Nicolas lives in Phoenix. He has worked for the same residential HVAC company for 12 years: condenser swaps, furnace replacements, duct repairs, some light commercial rooftop service when the company picked up a strip-mall account. His employer holds the Arizona ROC license. Nicolas does not.

He wants to go out on his own. He has the field hours. He has the EPA Section 608 Universal card required under 40 CFR Part 82 to handle refrigerants. What he does not yet have is a Registrar of Contractors license in his own name, and he is trying to figure out which classification to apply under and what bond he will actually have to post.

The CR-39 calendar Nicolas keeps coming back to

Arizona splits HVAC contractor licenses three ways. Per ARS 32-1102 and the ROC classification rules, R-39 covers residential air conditioning and refrigeration, C-39 covers commercial air conditioning and refrigeration, and a dual CR-39 covers both. Nicolas keeps drawing the matrix on a legal pad because the scope language decides which calls he can legally bid.
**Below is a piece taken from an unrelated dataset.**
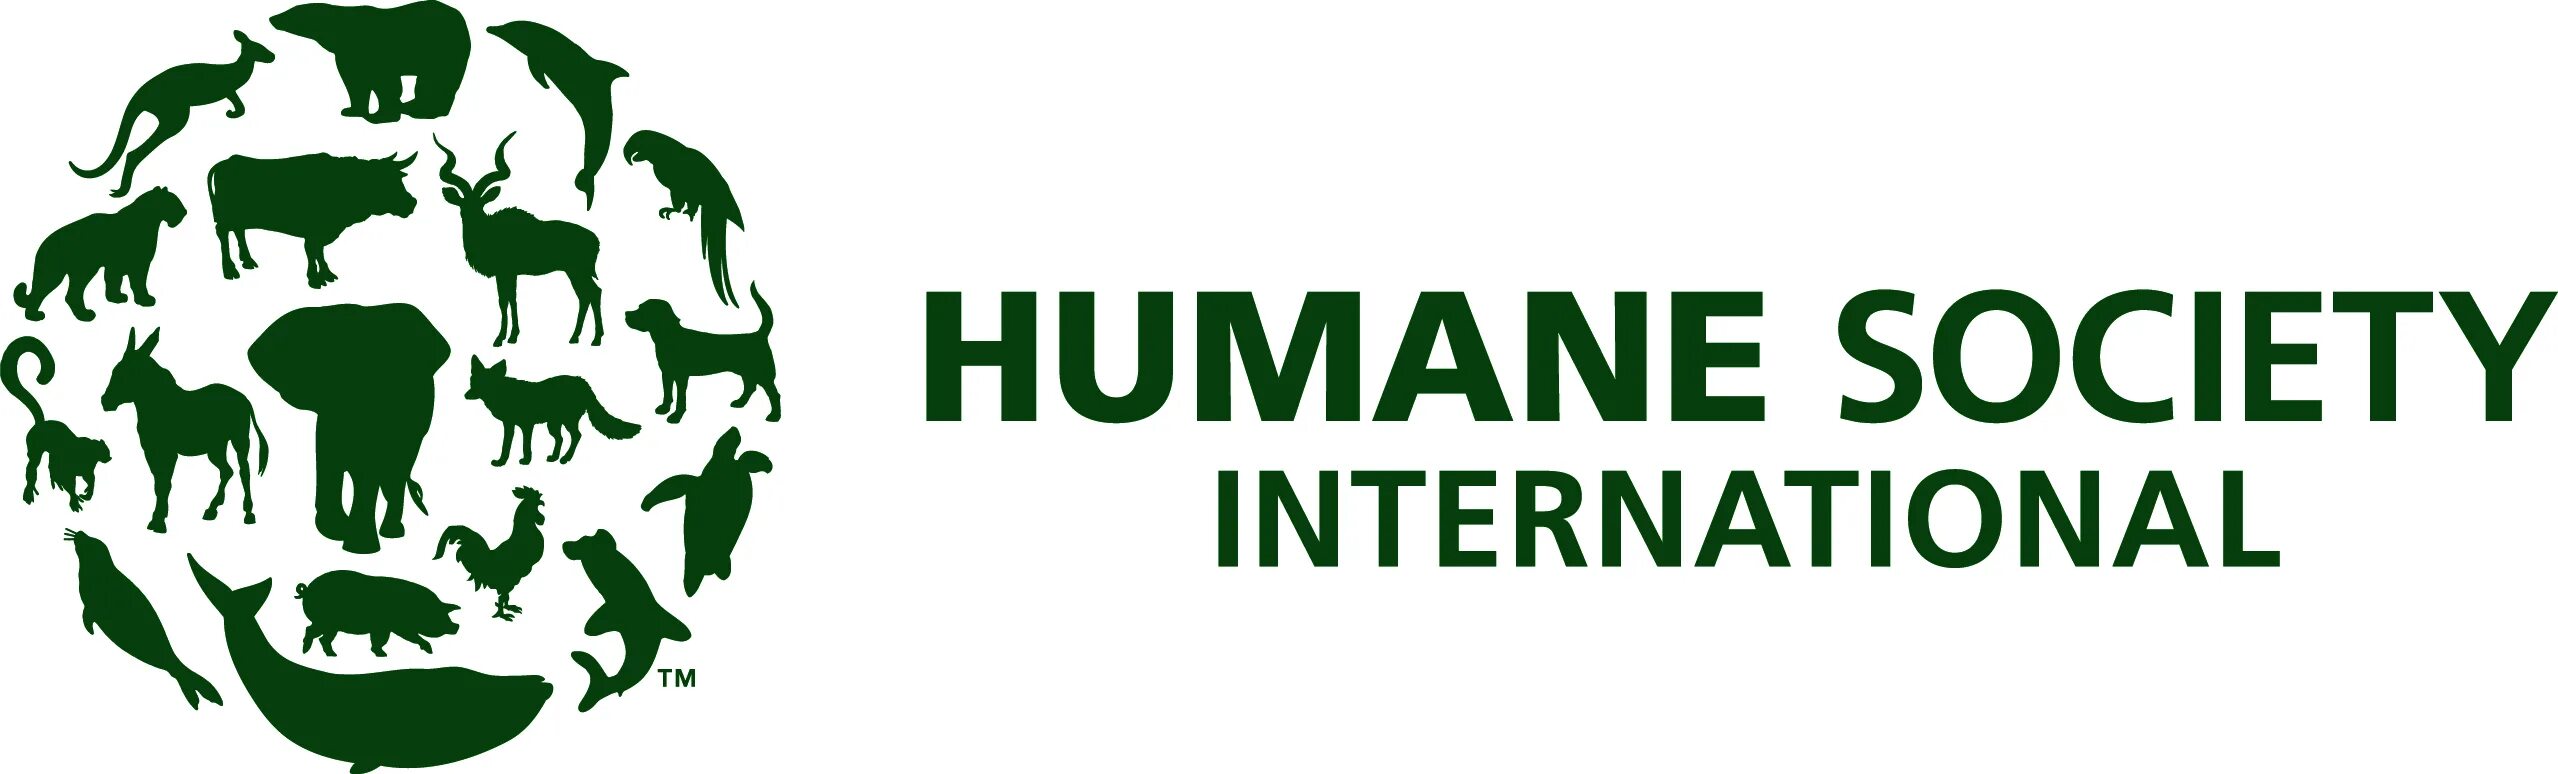 Humane Society International. Humane Society International Australia. Protection International организация. Humane Society International агенты. Human society

To qualify for any of the three, the qualifying party must document at least four years of practical trade experience within the last ten, per ARS 32-1122. Nicolas clears that with 12 years, all documentable through W-2s and a letter from his current qualifier. He also has to pass the trade and business-management exams administered by the ROC's current testing vendor (confirm the active vendor on the ROC exam page before scheduling; the ROC has used PSI in recent years).

If he files R-39 only, he cannot legally run the strip-mall rooftop work that gave him the commercial exposure he already enjoys. If he files C-39 only, he forfeits the residential replacement lane that is 80% of his pipeline. CR-39 preserves both. The trade-off is the bond.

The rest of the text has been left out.